Edinburgh North and Leith Liberal Democrats

Campaigning for a fairer Britain and a change in Edinburgh North and Leith by electing Kevin Lang

Scrap the Indefensible Tax

3.39.58pm BST (GMT +0100) Tue 4th Oct 2005

Axe the Tax College Green 11th May 2004 (photography: Adrian Collett)

Liberal Democrats have once more called for the Council Tax to be abolished following the jailing this week of a second pensioner. The stance of Sylvia Hardy from the South West has highlighted the anger felt by many elderly people across the UK. The first, Alfred Ridley, a 71-year-old retired vicar of Towcester, Northants, has just been released following a 28-day sentence at Woodhill Prison in Milton Keynes for refusing to settle his council tax bill.

People on Wales have already experienced a revaluation of the Council Tax which has thrown up even more anomalies to the discredited system. The Lib Dem MP for Cardiff Central Jenny Willott said:

"An example is in my own street. My next door neighbour is a 90 year old woman living on her own. She rents her house so can't even benefit from its increased value. Her income hasn't gone up and yet because the whole street has been re-banded she'll have to find the money to pay for the rise next year.

"Labour are doing nothing to address this inequity. If they were to adopt the Liberal Democrat policy of Local Income Tax, over 80% of pensioners would be better off."

The Liberal Democrats are now the only party with any sort of plan to resolve the Council Tax crisis. During the election campaign, Michael Howard told a press conference that: "Council Tax is the fairest form of local taxation there is." The Tories invented council tax and are determined the preserve it. Though the Conservatives are now warning that revaluation is only postponed rather than cancelled, their election pledge was also to postpone, rather than cancel, revaluation.

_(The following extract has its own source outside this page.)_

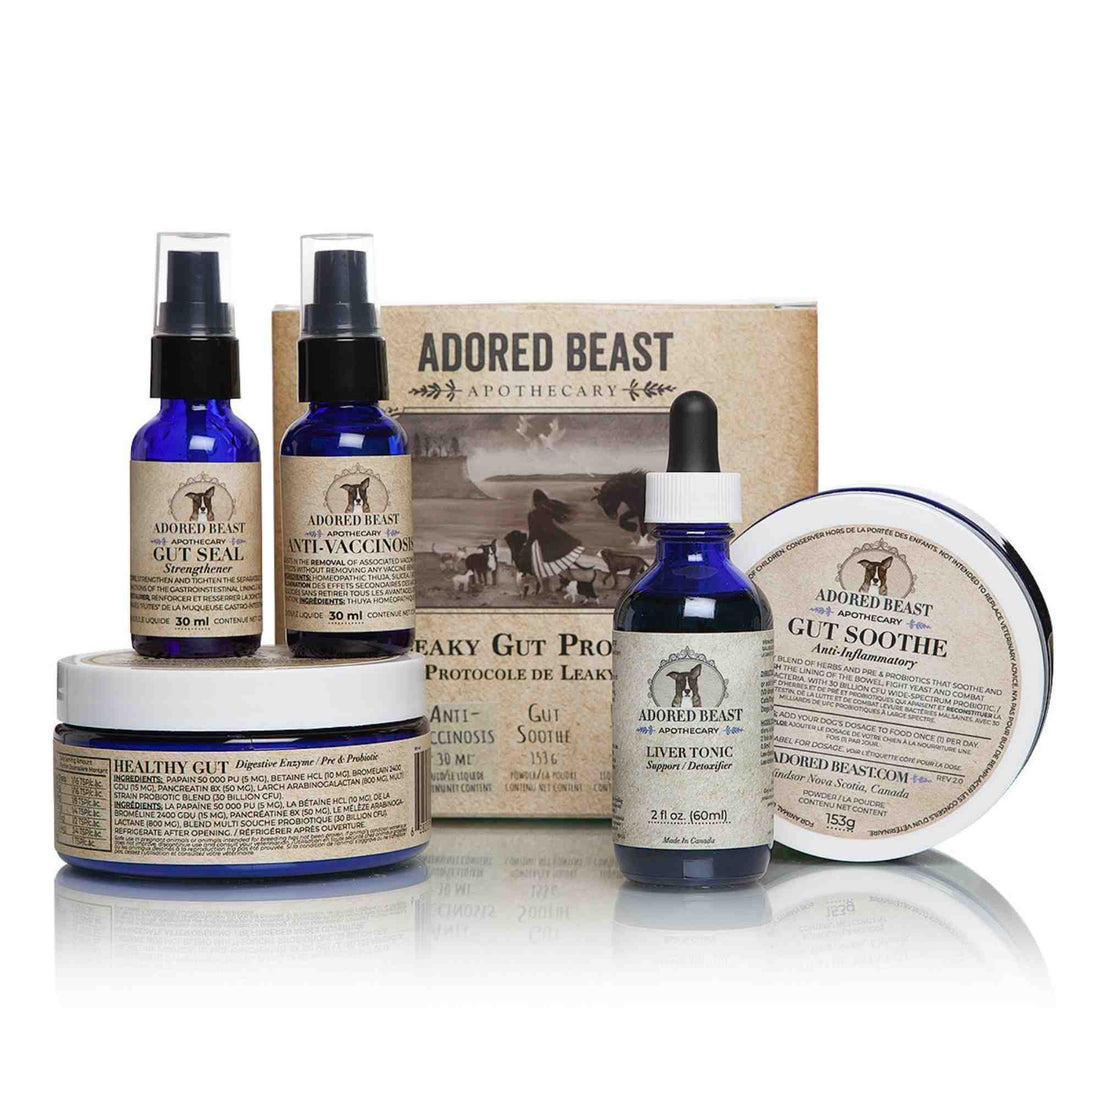 Leaky Gut protocol - Adored beast - 5 product kit with box

Because revaluation has been postponed, local tax bills will continue to be based on property values in 1991. By the time of the next General Election, those valuations will be nearly 20 years old. In the meantime valuation officers will have to base the council tax banding on thousands of new homes a year on an estimate of how much they would have been worth if they'd been built in 1991.

The Scottish Parliament has also postponed revaluation, pending the conclusions of a review of local government finance.

The local Lib Dem local spokesperson Mike Crockart said:

"Council Tax is Britain's most unpopular tax because it is the most unfair. It must be scrapped and replaced with a fair system based on ability to pay.

"The burden of this Tory tax falls disproportionately on the old and vulnerable, with the poorest pensioners paying as much as 10% of their income in Council Tax. Labour and the Conservatives both refuse to accept the whole Council Tax system is unsustainable. They are defending the indefensible."